Turning the tables: A benchmark for LLMs in data analysis

Researchers in Computer Science and Engineering (CSE) at the University of Michigan have introduced a groundbreaking benchmark, called MMTU, designed to evaluate large language models (LLMs) on a wide range of table-related tasks. This initiative, spearheaded by Edgar F. Codd Distinguished University Professor of Electrical Engineering and Computer Science and Bernard A. Galler Collegiate Professor of Electrical Engineering and Computer Science H. V. Jagadish and PhD student Junjie Xing, in collaboration with Yeye He and others from Microsoft Research, addresses a significant gap in the evaluation process for AI models dealing with tabular data.
Increasingly, LLMs are being used to assist in data processing and analysis tasks. As organizations, researchers, and everyday users collect and rely on more tabular data, from spreadsheets to complex databases, the potential of LLMs to automate, explain, and generate insights from this data continues to grow. However, their proficiency in handling data in table form is limited, and their full capabilities with complex table tasks remain largely unexplored.
Current evaluations of LLM performance predominantly focus on limited table tasks, such as translating questions into database queries, answering questions directly from tables, or checking if a statement about a table is true. While such tasks are important, they barely scratch the surface of the many varied scenarios in which tables are used, with many crucial operations going untested in these narrow evaluations. The resulting lack of understanding of how—and how well—LLMs read, parse, and analyze tabular data places serious limitations on their utility in data processing and analysis applications.
MMTU addresses this by expanding the scope of existing evaluation tools and assessing LLM performance on previously overlooked table tasks, such as schema matching and column transformation. These tasks are crucial in a wide array of applications, where data exists in diverse table formats across domains.
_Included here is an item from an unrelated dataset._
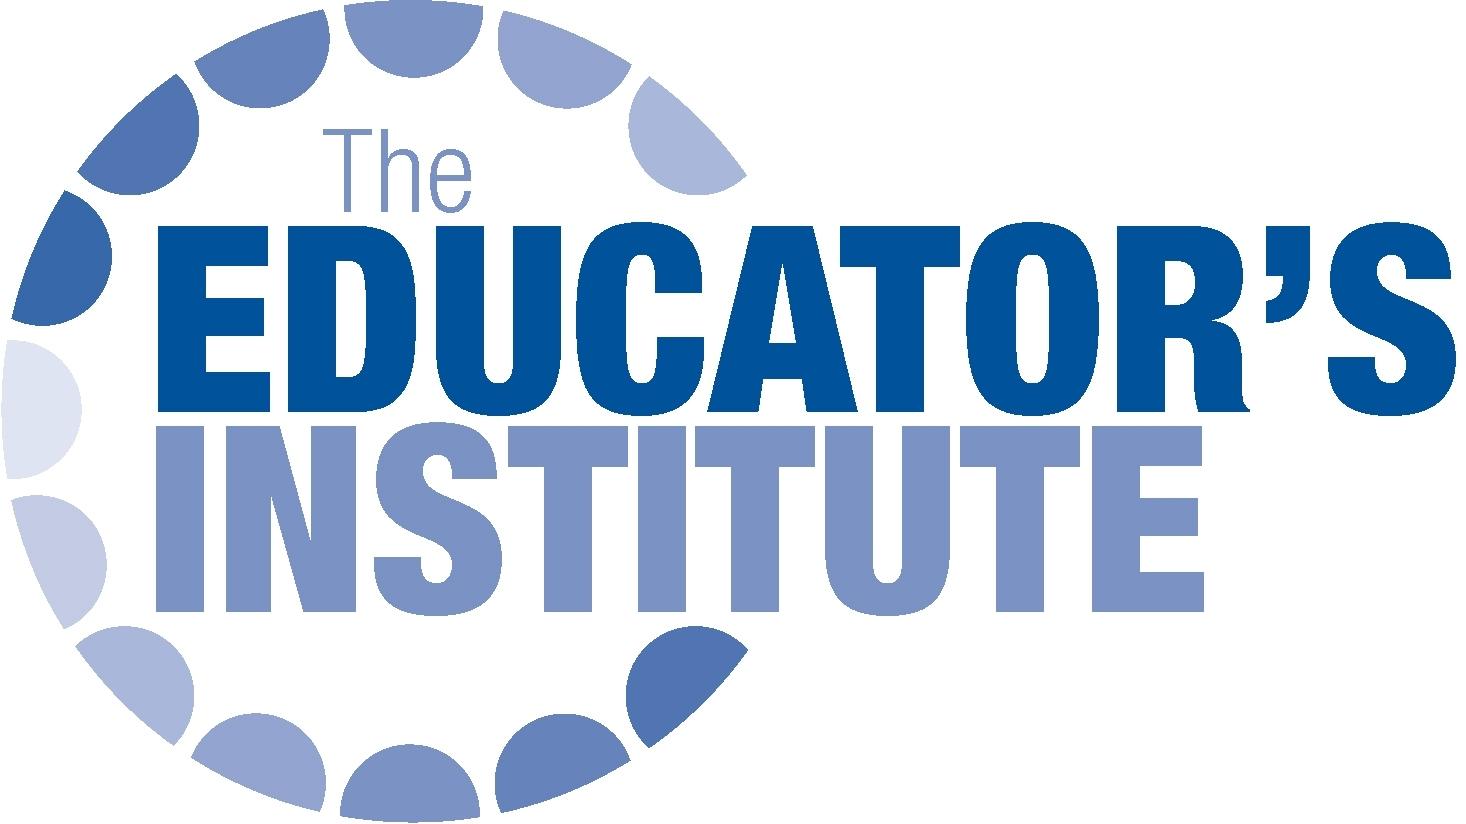 feb403f51d26f0c26e5f_educatorsinstitutecolor.jpg

Schema matching, for instance, involves aligning tables with disparate schemas to unify data from different sources, an essential task for data integration. Another featured task, column transformation, requires LLMs to convert data formats, such as turning dates from “MM/DD/YYYY” into “Month Day, Year,” or splitting a full name into first and last names, similarly crucial in preparing data to be analyzed. By evaluating such tasks, MMTU provides a comprehensive benchmark that reflects the complexity and diversity of table-related challenges.
“We aim to bridge the gap between the natural language processing and database communities by providing a tool that facilitates a more holistic evaluation of AI models,” Jagadish explained.
MMTU is powered by a comprehensive dataset that includes over 30,000 questions spanning 25 unique tasks, offering a robust framework for evaluating and improving LLM capabilities. The design of the benchmark draws on decades of research on tabular data, and the breadth of tasks it covers requires LLMs to demonstrate not only a grasp of basic concepts like reading values, but also advanced reasoning, manipulation, and coding skills.

The researchers’ findings show that while newer reasoning models tailored for complex problem-solving outperform chat-based models, significant advancements are still needed across several task categories to meet professional data analysis requirements. For instance, although models excel at tasks like translating English questions into database code, they falter on more practical skills like cleaning up messy data, matching information from separate sources, or executing multi-step data transformations—critical steps in making data useful for real-world applications.
“Our benchmark reveals that while LLMs perform well on certain tasks, they struggle with others like data cleaning and knowledge-based mapping,” said Xing. “This helps narrow down areas of LLM performance that require further research and development.”
By setting a new standard for evaluating AI models across a diverse and comprehensive suite of table-related tasks, MMTU represents a pivotal step toward developing LLMs capable of comprehensive data analysis. This benchmark enables future advances to better support users across fields—from healthcare to business—that depend on structured data processing. The MMTU dataset and code are available publicly via HuggingFace and GitHub, ensuring wide accessibility for ongoing research and application in this important area.